> [WORK INSTRUCTIONS]
Your output should be exactly the lines from the one containing "Dejligt hus i" through the last line of the listing, and nothing else. Pictures stay out.

INFORMATION SUPPLIED Start Marker

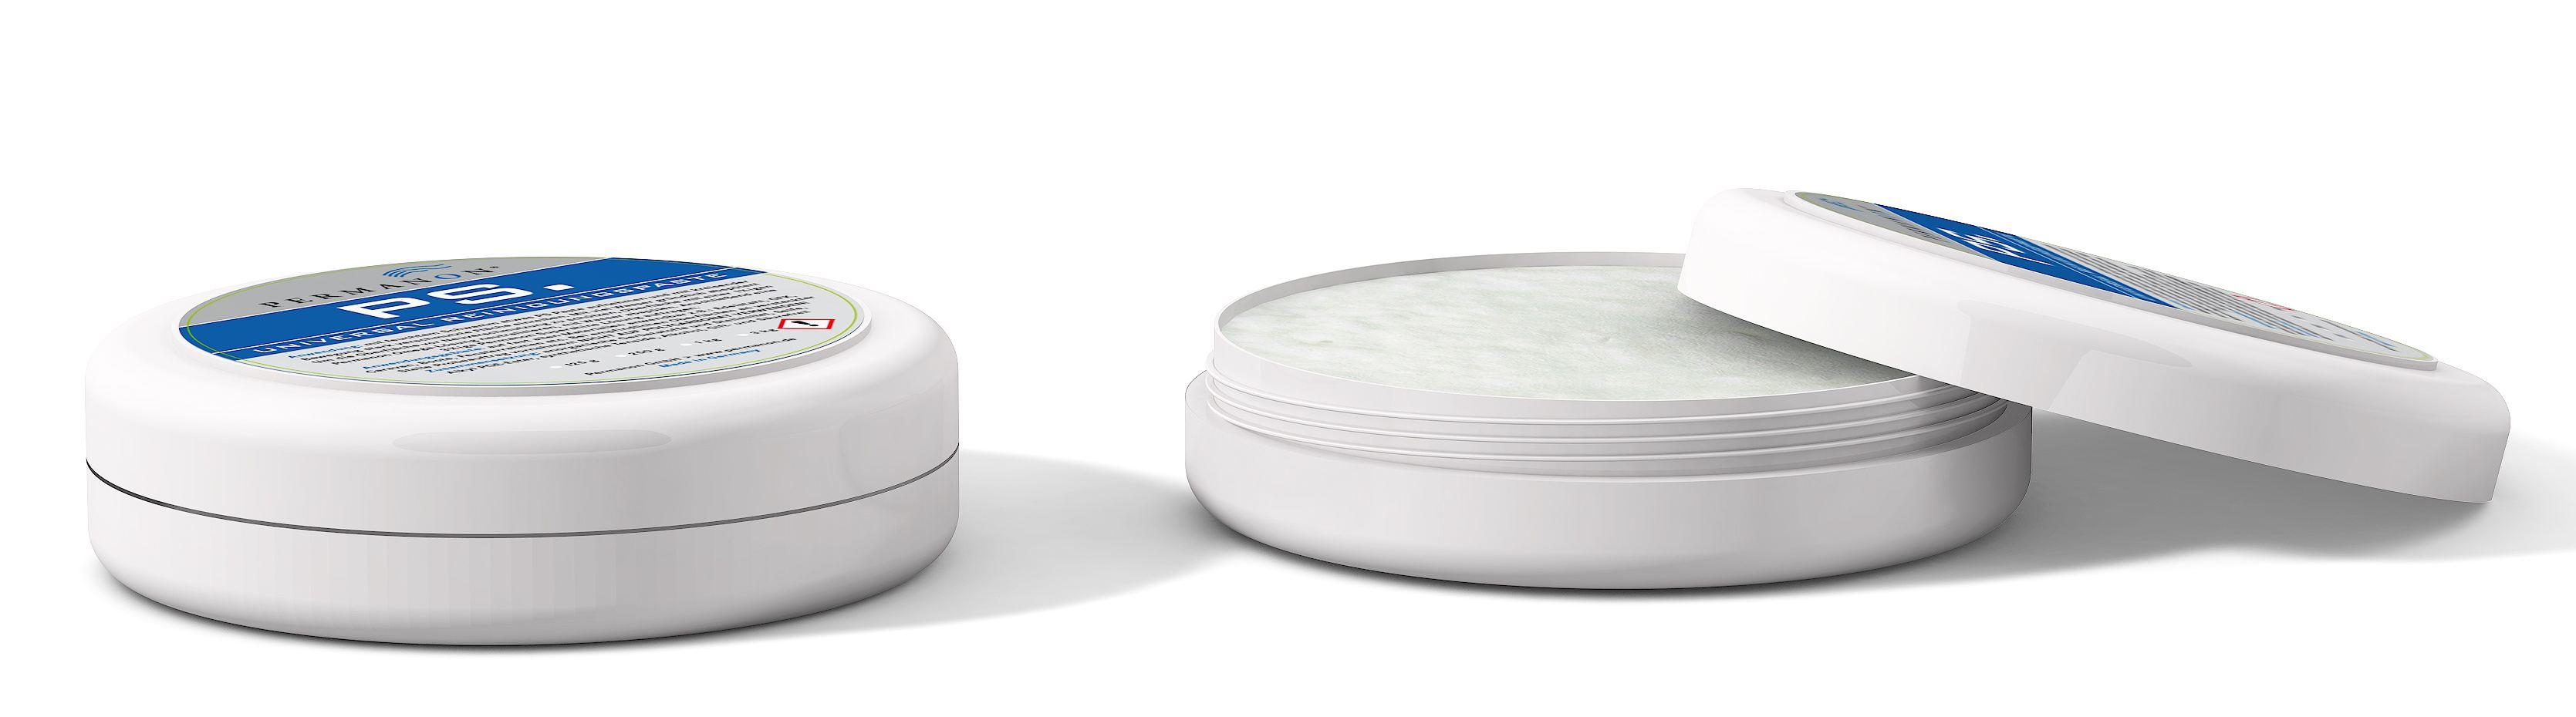 permanon ps paste spezialreiniger f r hartn ckige verschmutzungen. Black Bedroom Furniture Sets. Home Design Ideas
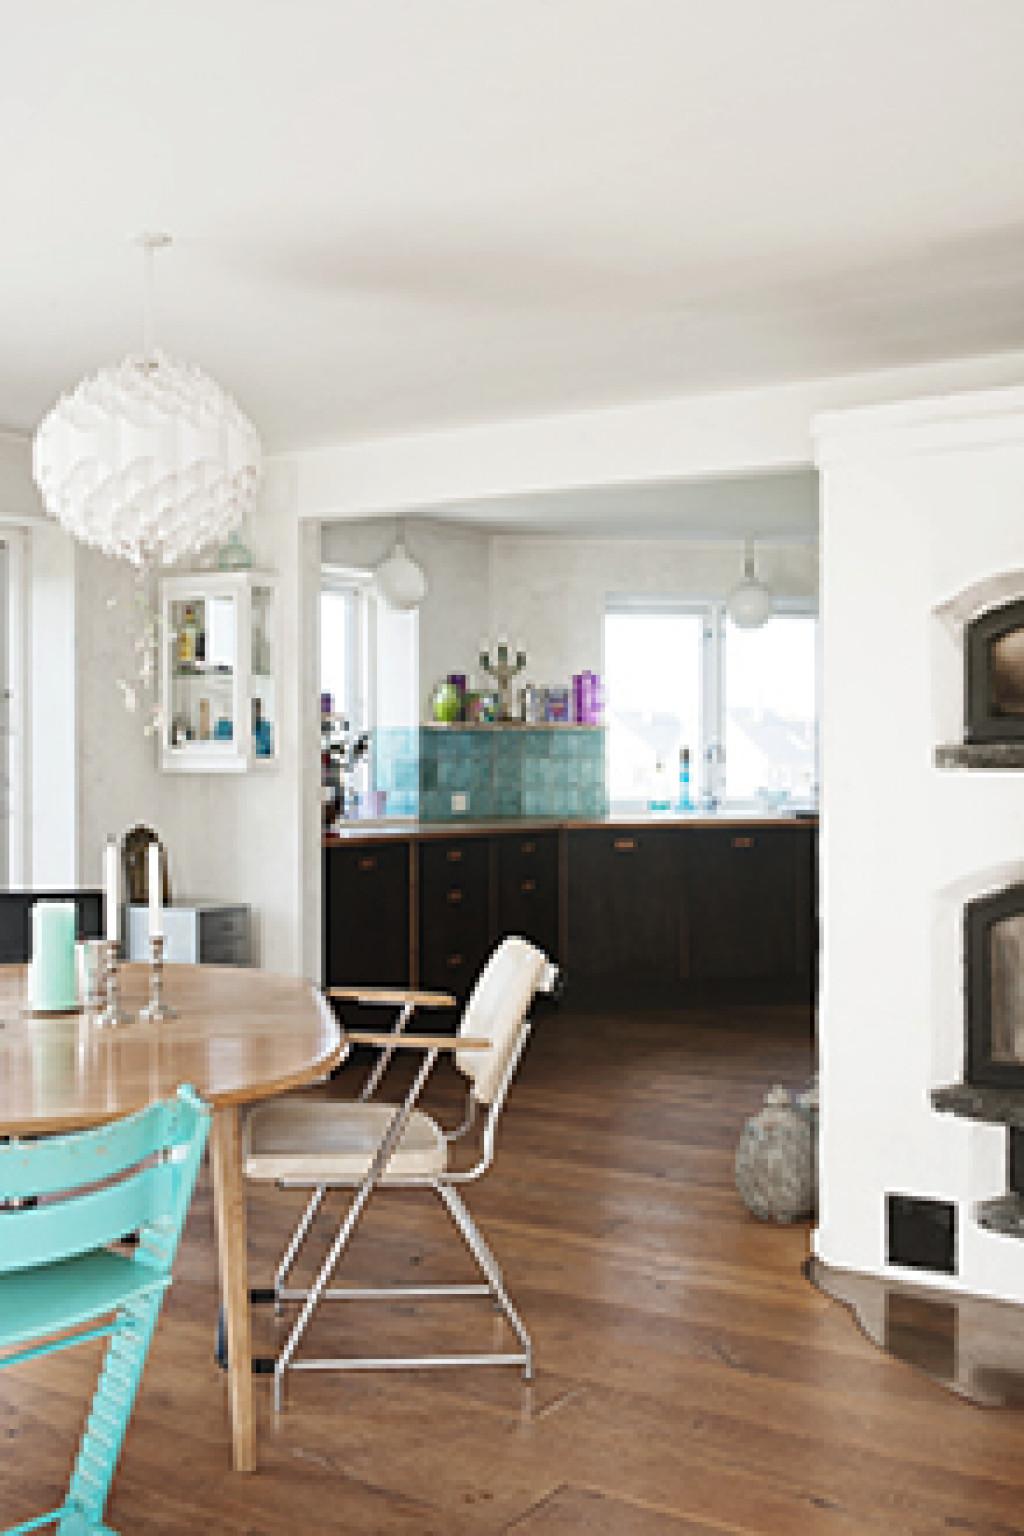 Dejligt hus i økolandsbyen Hallingelille ved Ringsted - mias_hus_9_c05b6ff45a28c216bb001a44238dcca8
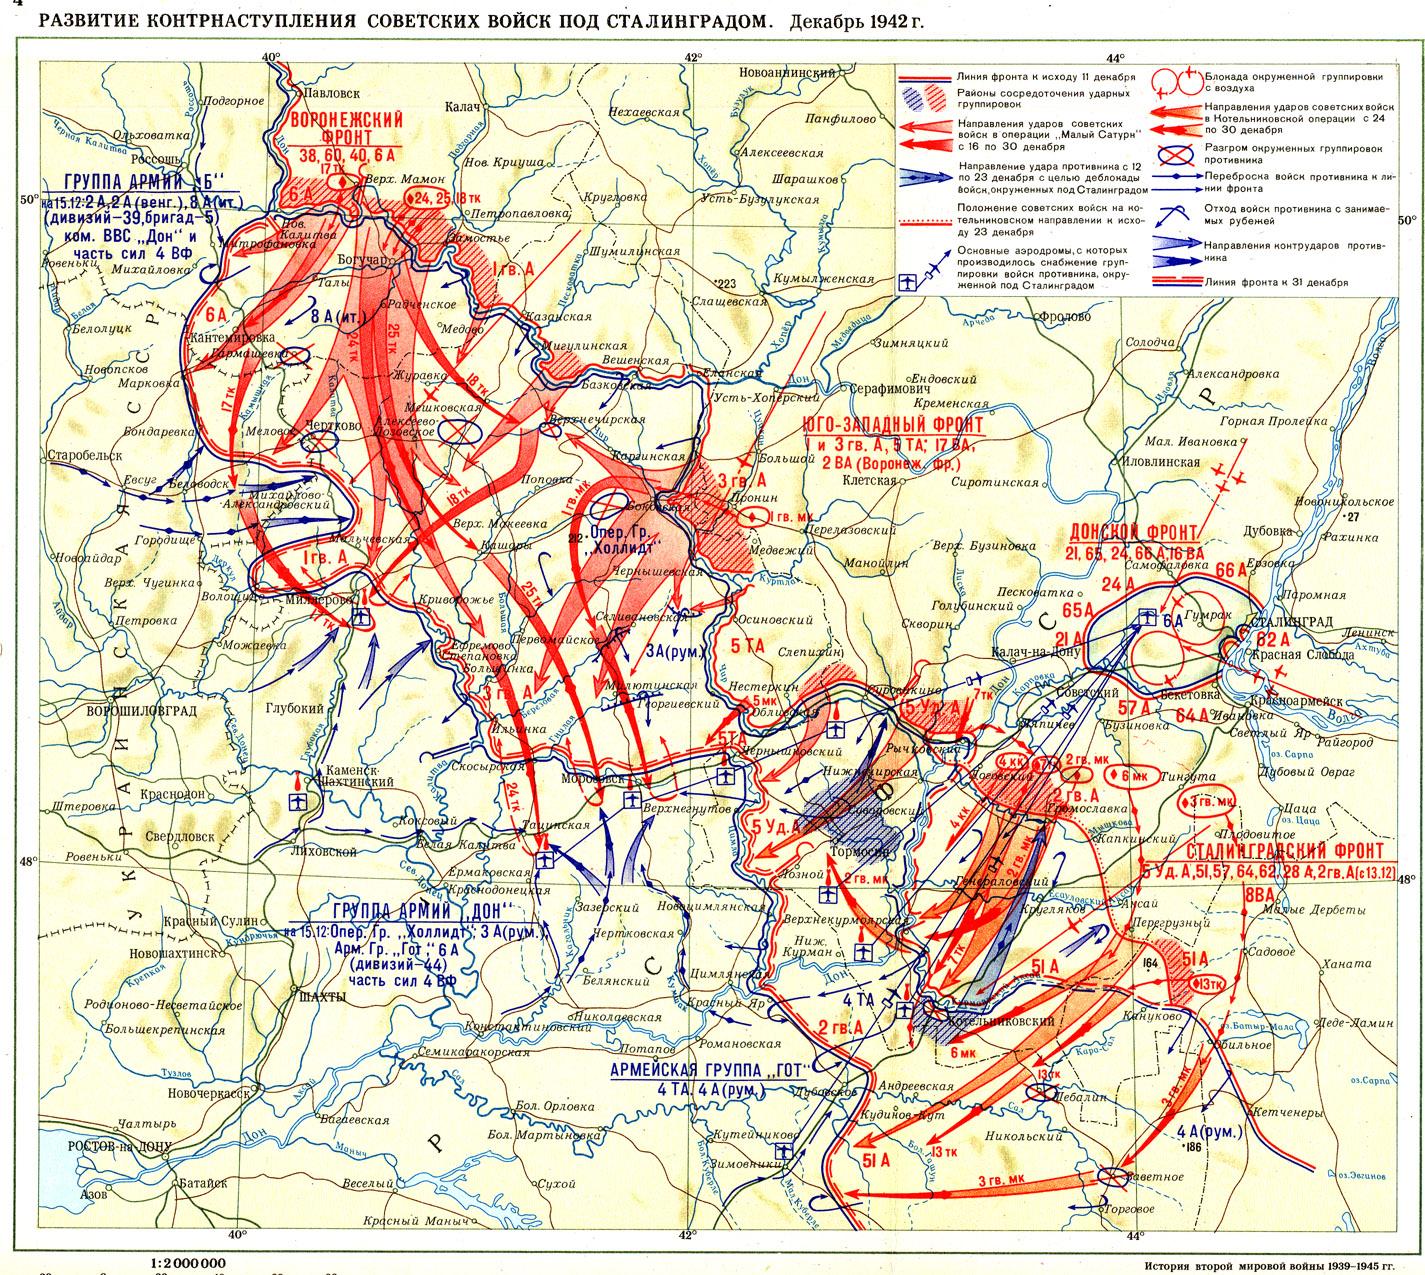 Карты военных действий Великой отечественной войны.

INFORMATION SUPPLIED End Marker

> [RESULT]
 Dejligt hus i økolandsbyen Hallingelille ved Ringsted - mias_hus_9_c05b6ff45a28c216bb001a44238dcca8
 Карты военных действий Великой отечественной войны.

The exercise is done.